Using BART as an example … this:

tokenizer.prepare_seq2seq_batch(
    src_texts=['This is a very short text', 'This is shorter'],
    tgt_texts=['very short', 'much shorter than very short'])

returns …

{'input_ids': [[100, 19, 3, 9, 182, 710, 1499, 1], [947, 19, 10951, 1, 0, 0, 0, 0]], 
'attention_mask': [[1, 1, 1, 1, 1, 1, 1, 1], [1, 1, 1, 1, 0, 0, 0, 0]], 
'labels': [[182, 710, 1, 0, 0, 0], [231, 10951, 145, 182, 710, 1]]}

For fine-tuning, how should we build the decoder_input_ids? And do we also need to shift the labels to the right so that they look like this?

[[710, 1, 0, 0, 0, 0], [10951, 145, 182, 710, 1, 0]]

Or do we even have to pass decoder_input_ids anymore???

Looking at this example for MT5, it looks like hte answer is “no” …

from transformers import MT5ForConditionalGeneration, T5Tokenizer
model = MT5ForConditionalGeneration.from_pretrained("google/mt5-small")
tokenizer = T5Tokenizer.from_pretrained("google/mt5-small")
article = "UN Offizier sagt, dass weiter verhandelt werden muss in Syrien."
summary = "Weiter Verhandlung in Syrien."
batch = tokenizer.prepare_seq2seq_batch(src_texts=[article], tgt_texts=[summary], return_tensors="pt")
outputs = model(**batch)
loss = outputs.loss

This sure would make it easier if all we have to pass in are the “labels” and not have to deal with the decoder_input_ids ourselves when working within ConditionalGeneration models. Please lmk either way.

Thanks

Hi @wgpubs,

if you just pass labels the decoder_input_ids are prepared inside the model by shifting the labels. See

1 Like

Ah cool … thanks for confirming.

Are the target tokens (the labels) replaced with the ignore token id somewhere as well? Doesn’t look like it from what I can see … so I’m assuming we need to do that ourselves, and pass the label ids with padding tokens set to -100.

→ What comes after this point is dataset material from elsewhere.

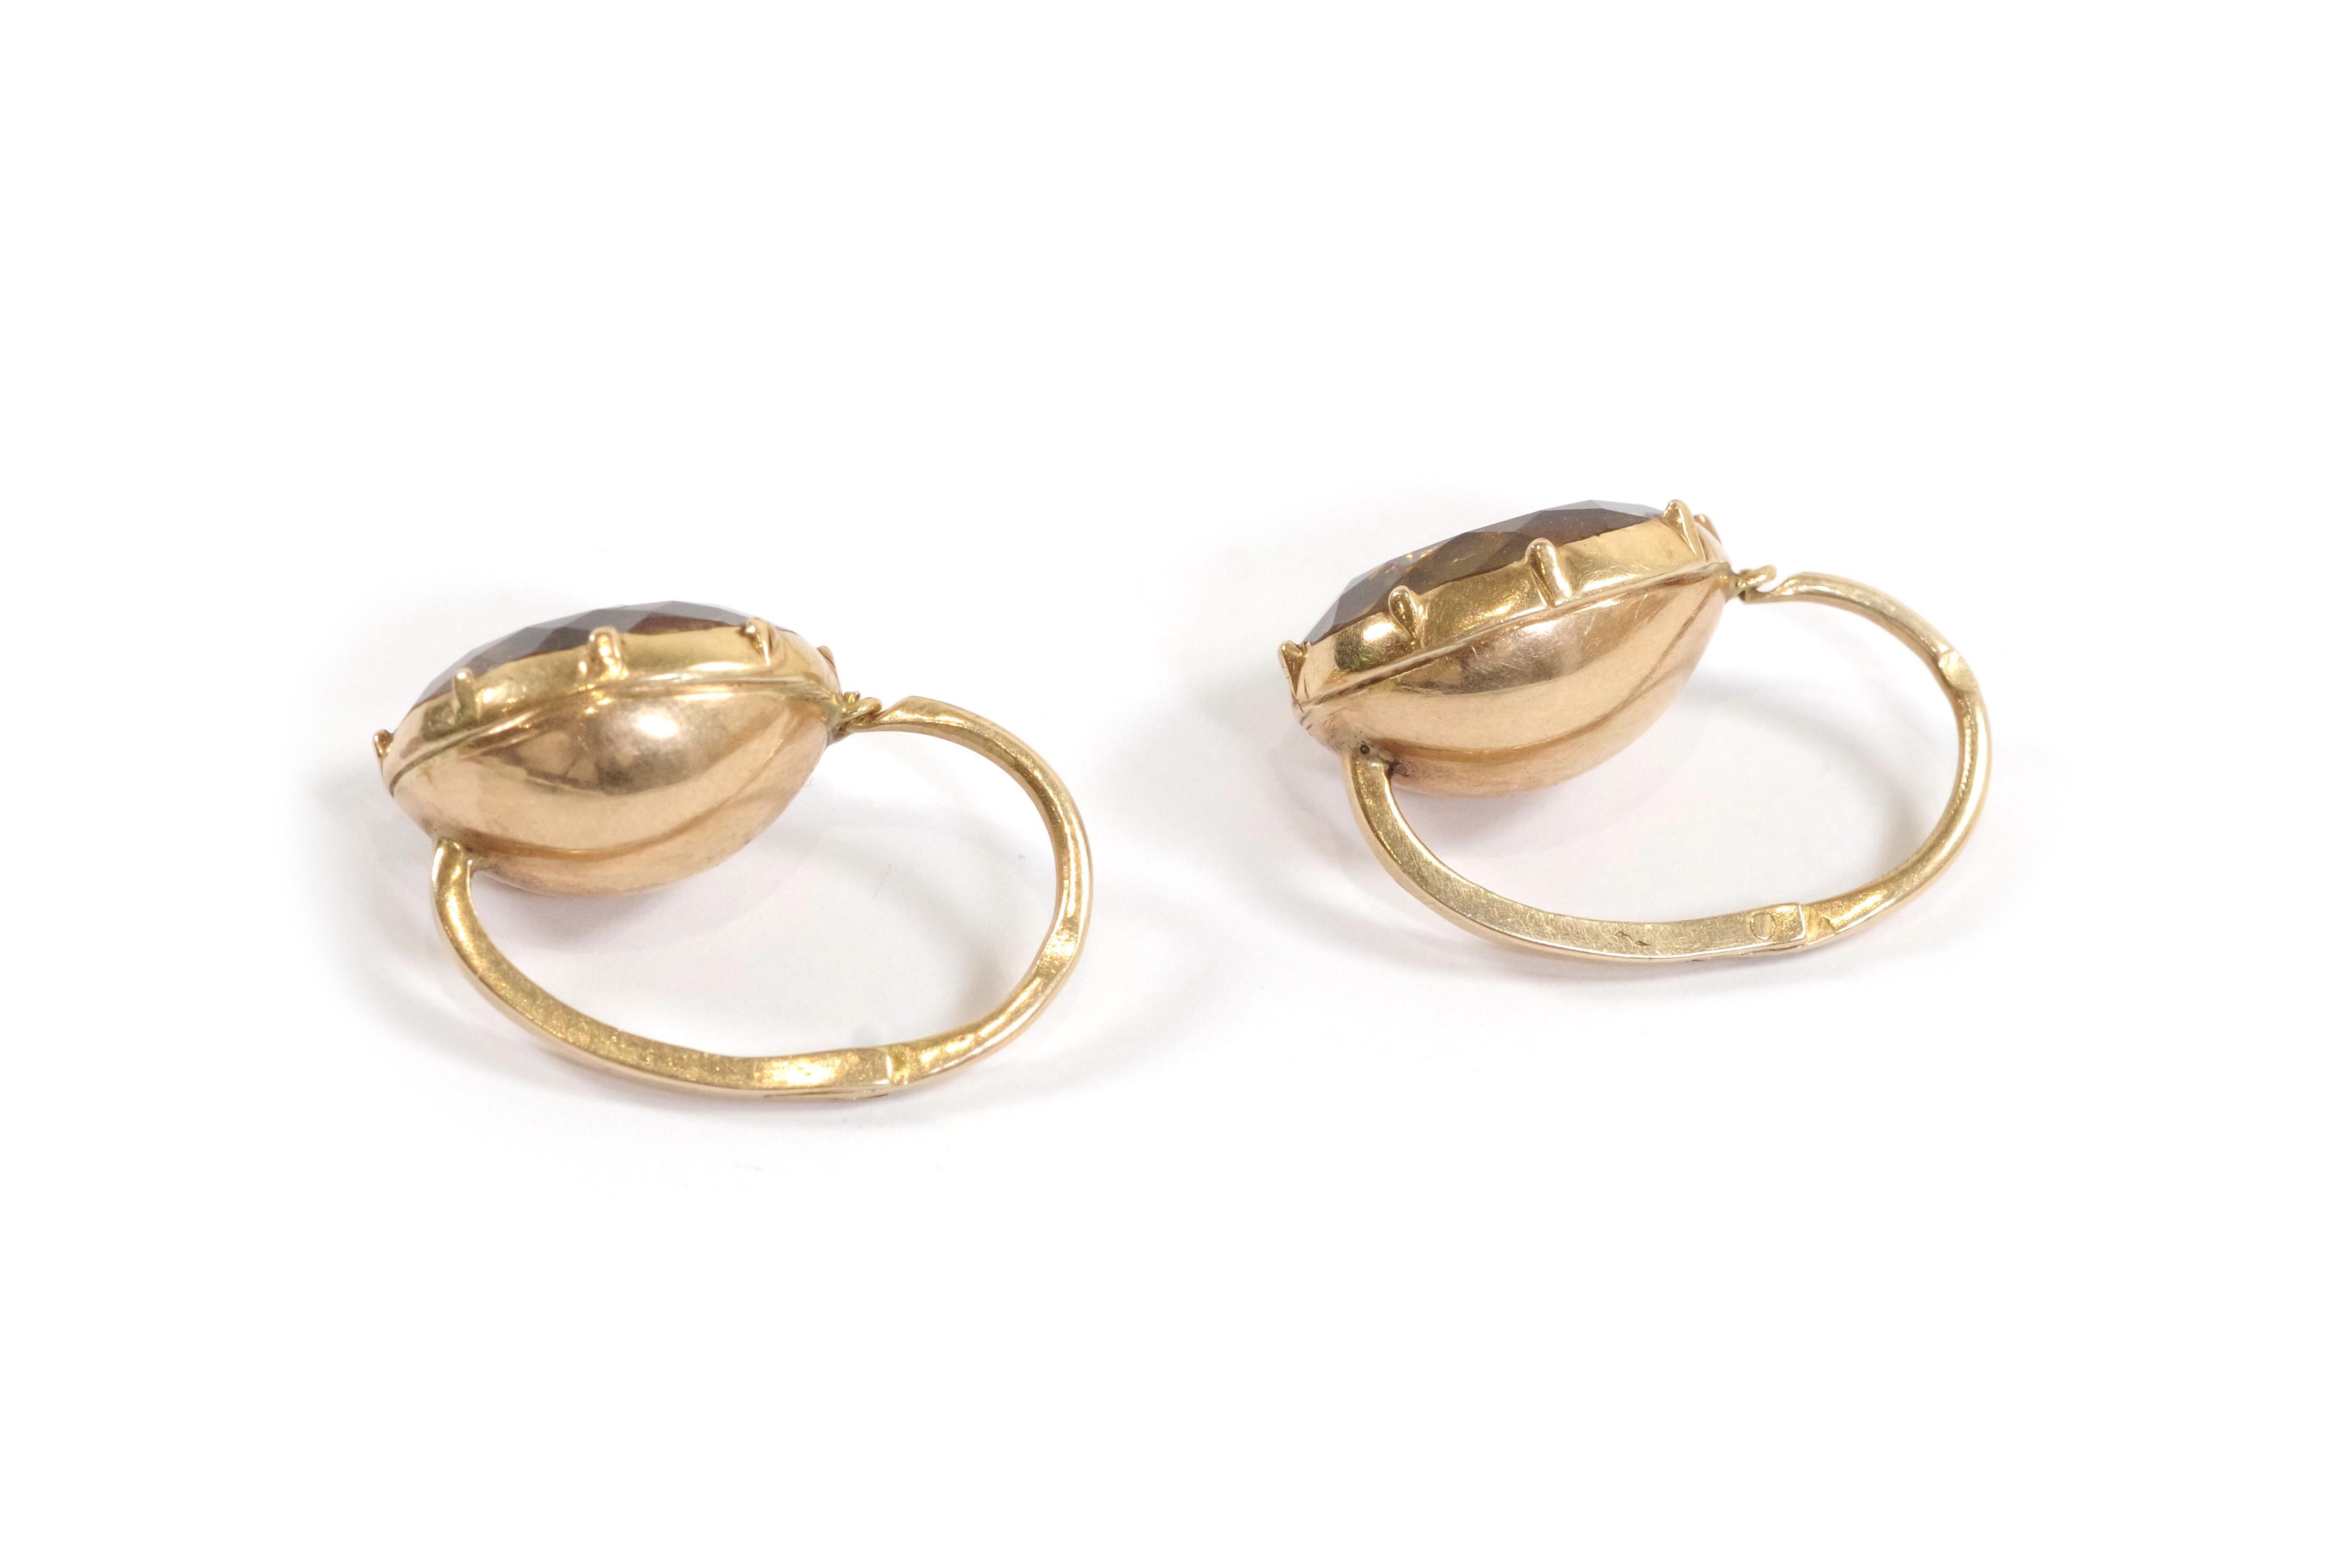 Oval Cut Georgian citrine earrings in 18k and 14 karat, antique foiled earrings For Sale

Also, the decoder_input_ids come back in the form of <eos> <bos> X ..., but my understanding was always that it should start with <bos> and the labels shifted so that <bos> attempts to predict X[0] and so forth.

Yes, we should manually replace pad token with -100 in labels.

Ideally yes, it should start with bos token, but in the original fairseq implementation the models are trained with <eos> <bos> X .... , so we have kept it like that for reproducibility.